Review: Klark-Teknik Square One Graphic & Dynamics
Klark-Teknik has a new range of quality, cost-effective analogue signal processors. Heard it all before? Read on.
Review: Simon Honywill
Klark-Teknik is well known for its high-end EQs and processors in the sound reinforcement market. Its gear is well respected and comes with a ‘pro’ price tag. The price tags on the Square One range are by no means cheap but far more ‘affordable’. And the way they’ve achieved this, according to KT, can be neatly summarised thus: KT didn’t want to produce a lower priced range by sacrificing build quality and sound quality. Instead the approach was to remove features rather than compromising engineering or component quality.
The first thing you realise on opening the packaging is Square One’s most outstanding feature – this gear is very purple. The controls are a nicely contrasting light grey, which goes to make an attractive looking package. Unfortunately, in practice, it’s hard to see what’s what when light conditions are low, especially on the Dynamics processor. The general feel of the equipment – the Graphic and Dynamics unit – is typical of the brand name. They are solidly constructed, well finished and the knobs and faders have the smooth, gentle weighting that we have all come to expect from KT. My initial reaction was, ‘Wow, they’re cool, can I keep them?’.
SQUARE ONE GRAPHIC
There is very little one can say about a 31-band graphic equaliser that hasn’t already been said. The Square One Graphic is simplicity itself, the emphasis being on quality and ease of use at the right price. An 80Hz high-pass and 12kHz low-pass filter, a bypass button and a gain compensation knob for both channels are the only features additional to the 31 EQ filters. What stands out about this unit is the audio quality. KT DN360 users will know what I mean when I say it’s subtle, yet effective, and extremely pleasant on the ear. A high quality system EQ is crucial to good PA sound, and at this price there’s no longer an excuse to not have that quality. Meanwhile, for monitor systems, there can be no doubt that this unit would be a wise choice in any situation.
SQUARE ONE DYNAMICS
The Square One Dynamics unit elegantly packs eight channels of compressor/gate/expander in a 3U rack space. In the past, the perception was that unless a device had ‘Focusrite ISA’ written on it somewhere, this multi-channel format meant compromised quality. This piece of equipment puts paid to that assumption. Everything about Square One Dynamics oozes quality. Each channel has a fully functional, high spec compressor, which offers the choice of either RMS Sensing, Peak Sensing (or ‘Vintage’) mode, and frequency conscious compression. Each setting can make use of the hard or soft knee switch, giving a wide range of options to suit just about any program material. The night before writing this article I used the Dynamics on a small, mostly acoustic gig. There were some fine singers involved, ranging from the harshness of female torch song singers through howling blues to beautifully delivered, rich ballads. A real mixed bag of timbre and dynamics were all kept well under control by the compressors, at all times still managing to sound open and natural – it took a matter of seconds to dial up the right settings and off they went, rock solid all night. It’s an enormous luxury to have eight great-sounding compressors at your fingertips – it’s amazingly good value when you think about it.

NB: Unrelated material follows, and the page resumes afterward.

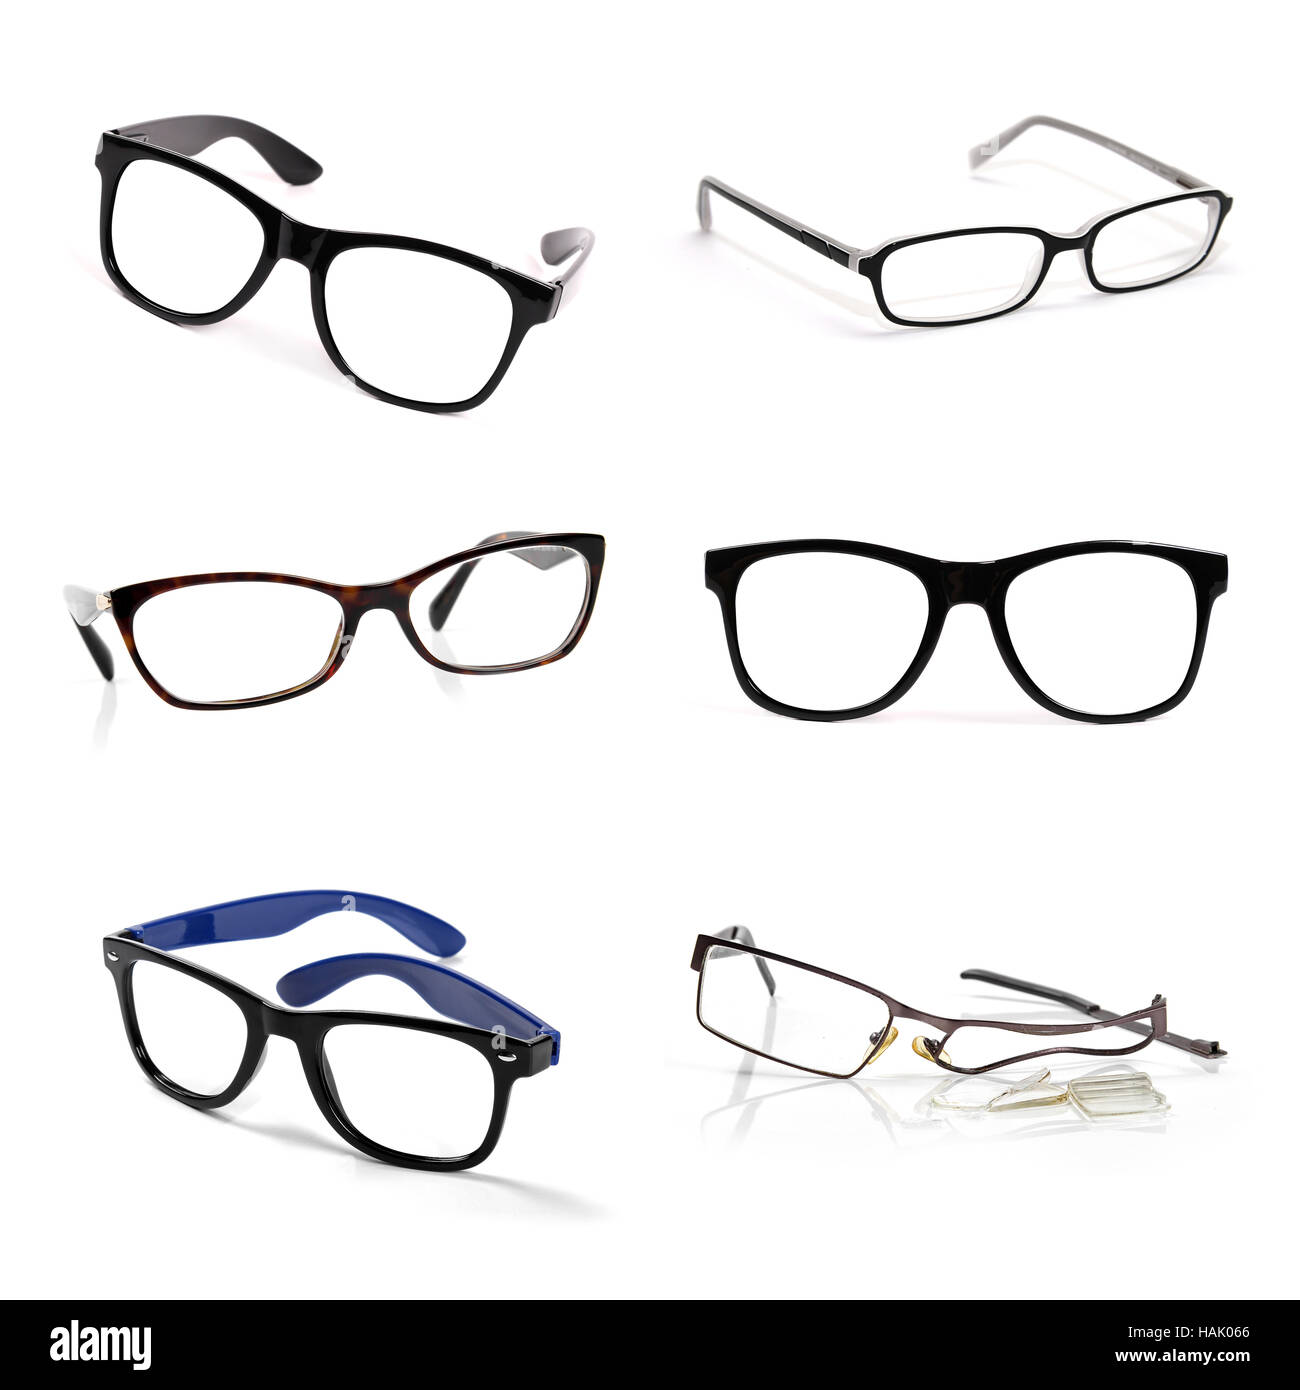 eyeglasses collection isolated on white background Stock Photo

An interesting feature, and somewhat unprecedented in audio dynamics as far as I’m aware, is the cascadable solo bus facility. With the output plugged into an input on your console, each of the unit’s eight channels has a solo button which allows monitoring of that channel’s sidechain filter. There is also a solo-in-place facility, which does the same job but replaces the audio output with the sidechain monitor signal. The gate is as lovely as the compressor, and utilises intelligent threshold shift, a handy way of reducing gate chatter. It automatically shifts the threshold down when a signal reaches the threshold level, and then re-sets itself when the signal goes back under.
There is very little I can say about these pieces of kit that isn’t extremely positive. My only real gripes are the contrast of the legending in low light, and the fact that the red solo-in-place button on the Dynamics clashes horribly with the purple front panel – surely yellow would be a better choice. That said, these are excellent units at a price (thanks to the excellent Chinese manufacturing) that makes them very attractive to the rental market. Seriously, if quality audio at the right price is your bag, I urge you to give these units a go. I, for one, will be keeping an eye out for further (inevitable) additions to the Square One range.